Exercise brief: Look below for the line containing "Lyst - Polo" and the line containing "SHOE THE BEAR"; repeat exactly those two lines and all lines between them, and nothing else.

Material supplied:
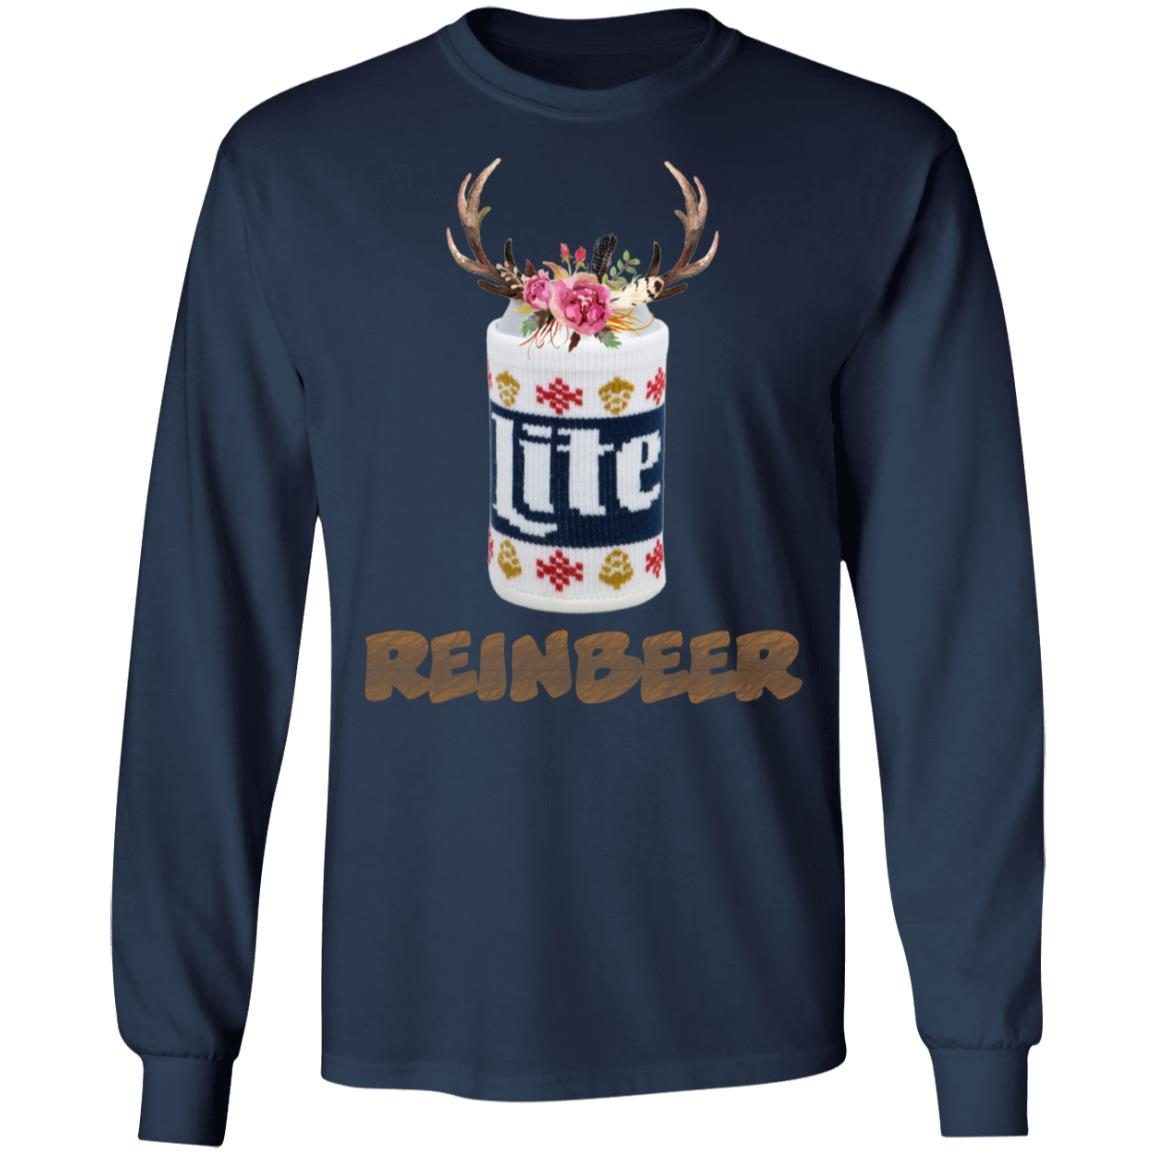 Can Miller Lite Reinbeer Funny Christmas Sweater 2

--

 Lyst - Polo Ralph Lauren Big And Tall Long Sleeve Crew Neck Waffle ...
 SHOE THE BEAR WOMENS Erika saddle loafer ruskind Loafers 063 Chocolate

--

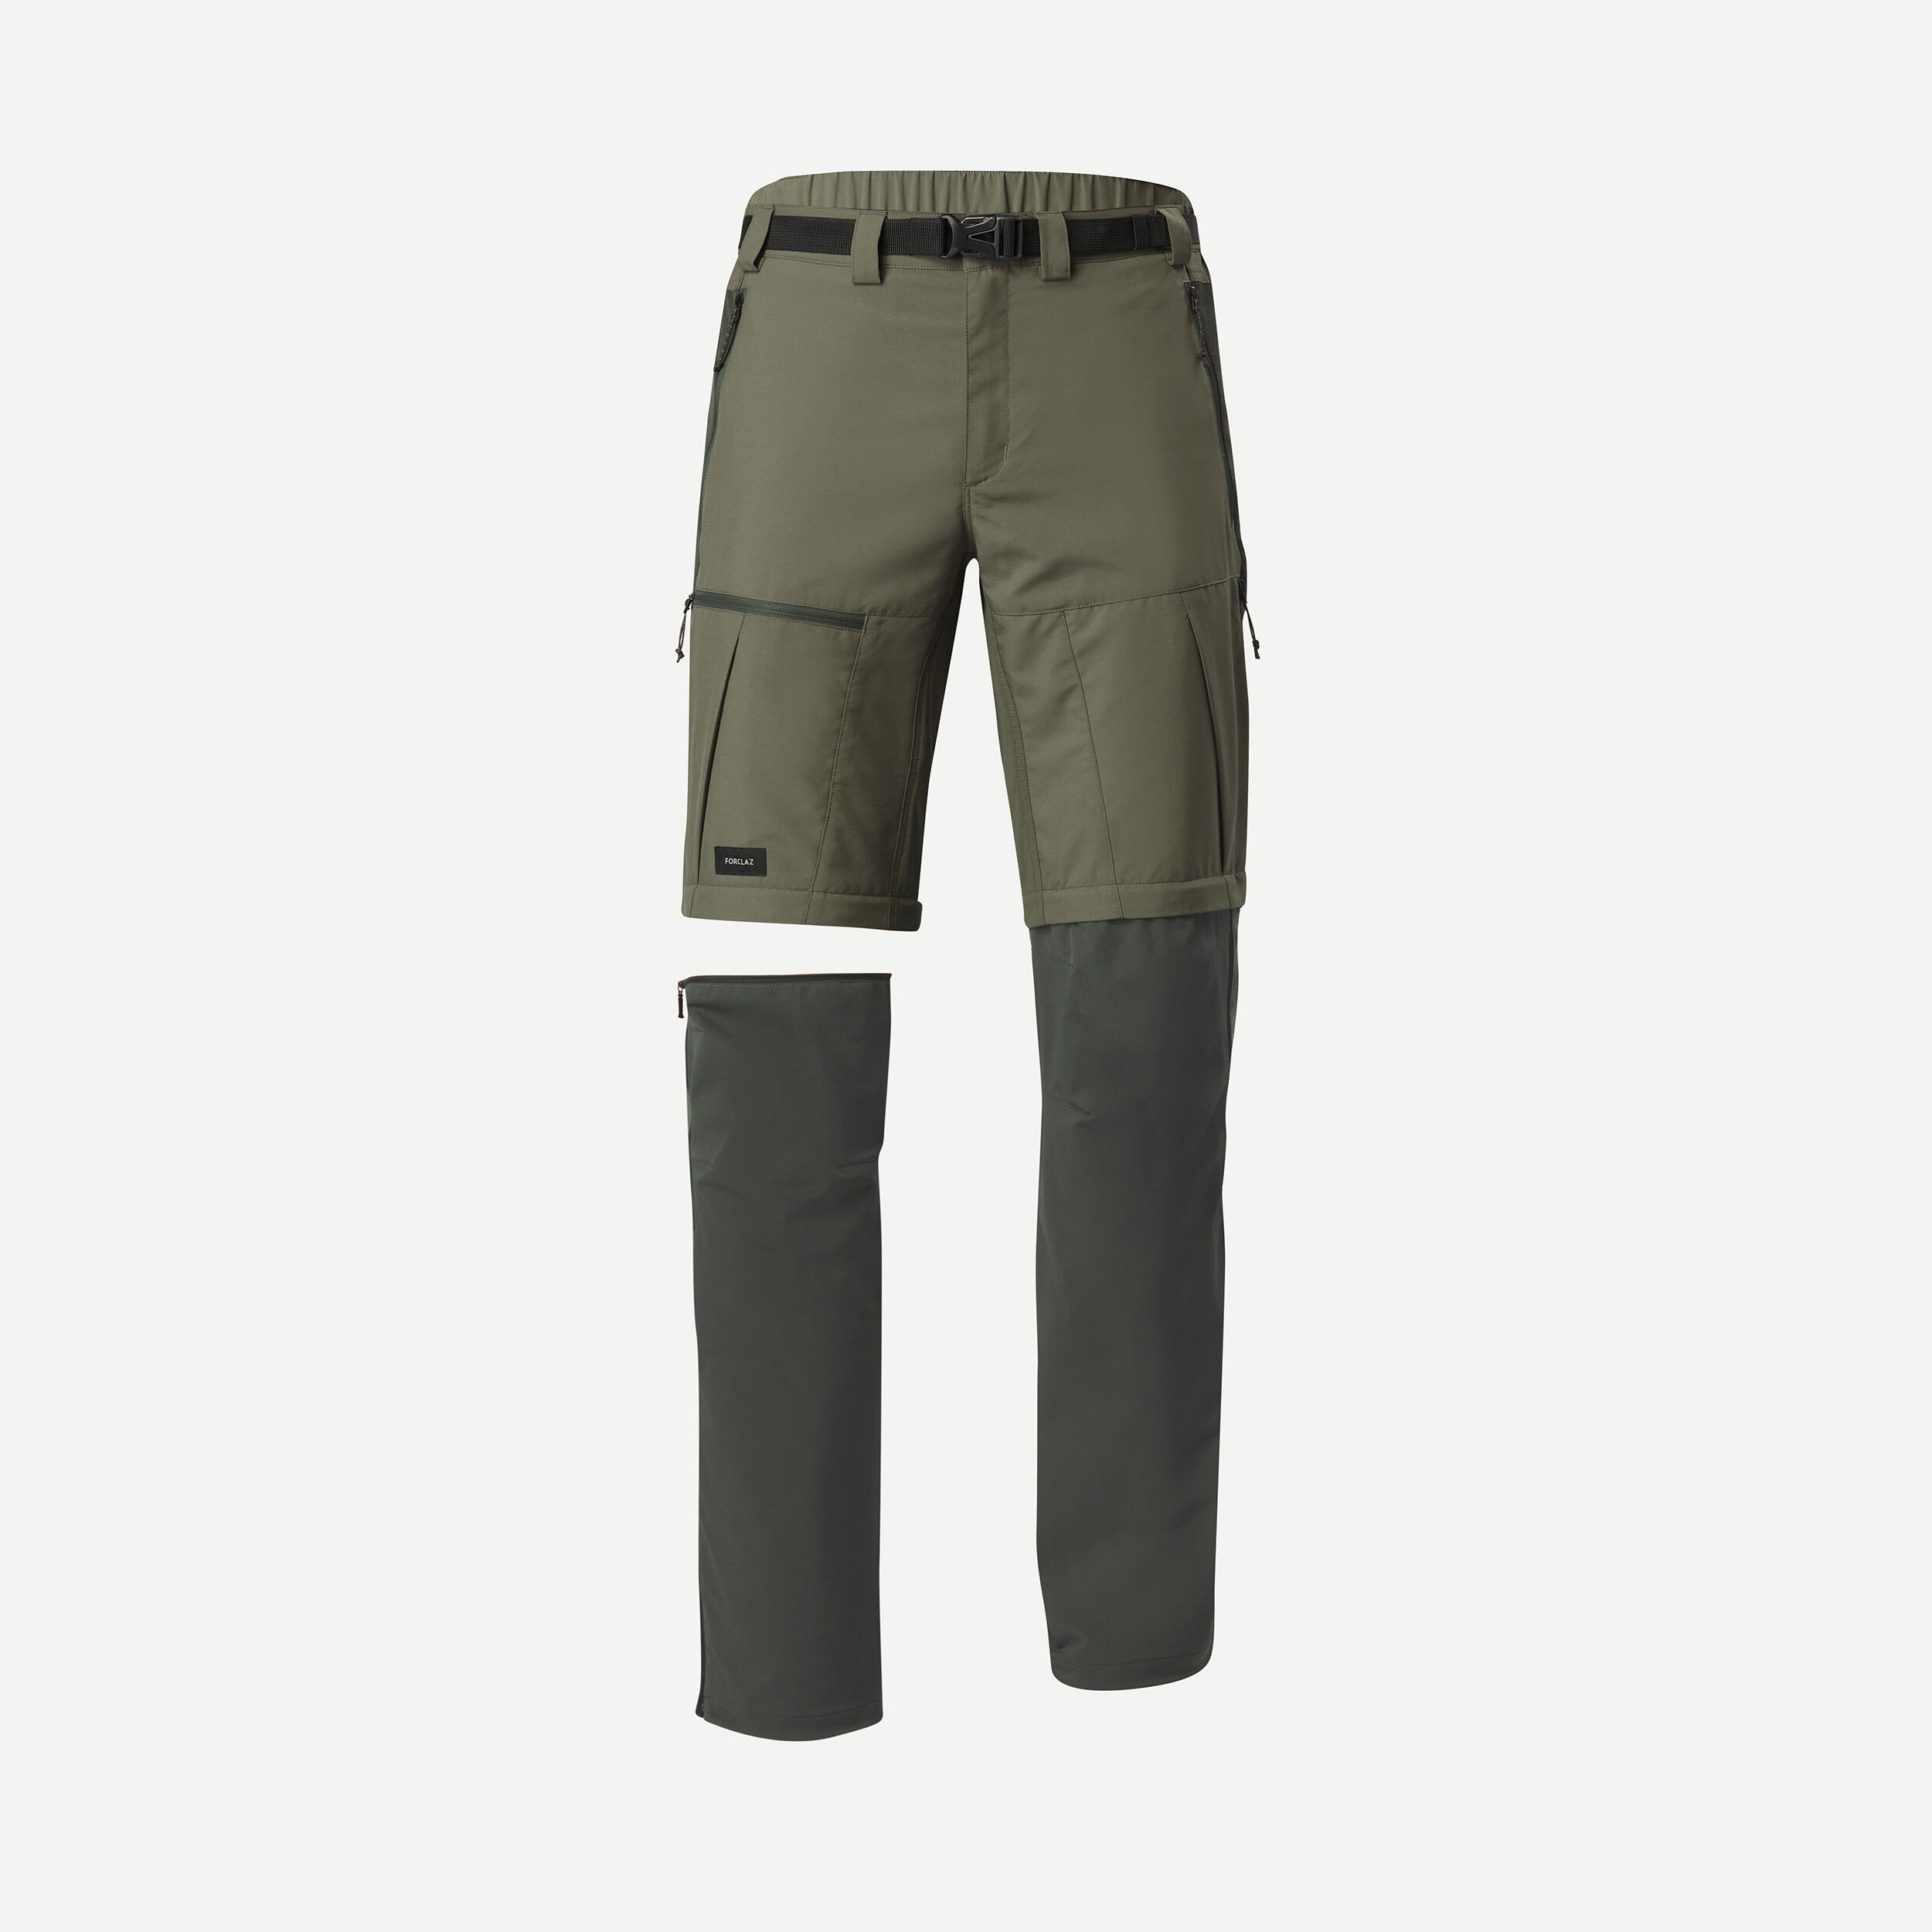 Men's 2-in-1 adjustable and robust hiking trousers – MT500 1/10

Written response:
 Lyst - Polo Ralph Lauren Big And Tall Long Sleeve Crew Neck Waffle ...
 SHOE THE BEAR WOMENS Erika saddle loafer ruskind Loafers 063 Chocolate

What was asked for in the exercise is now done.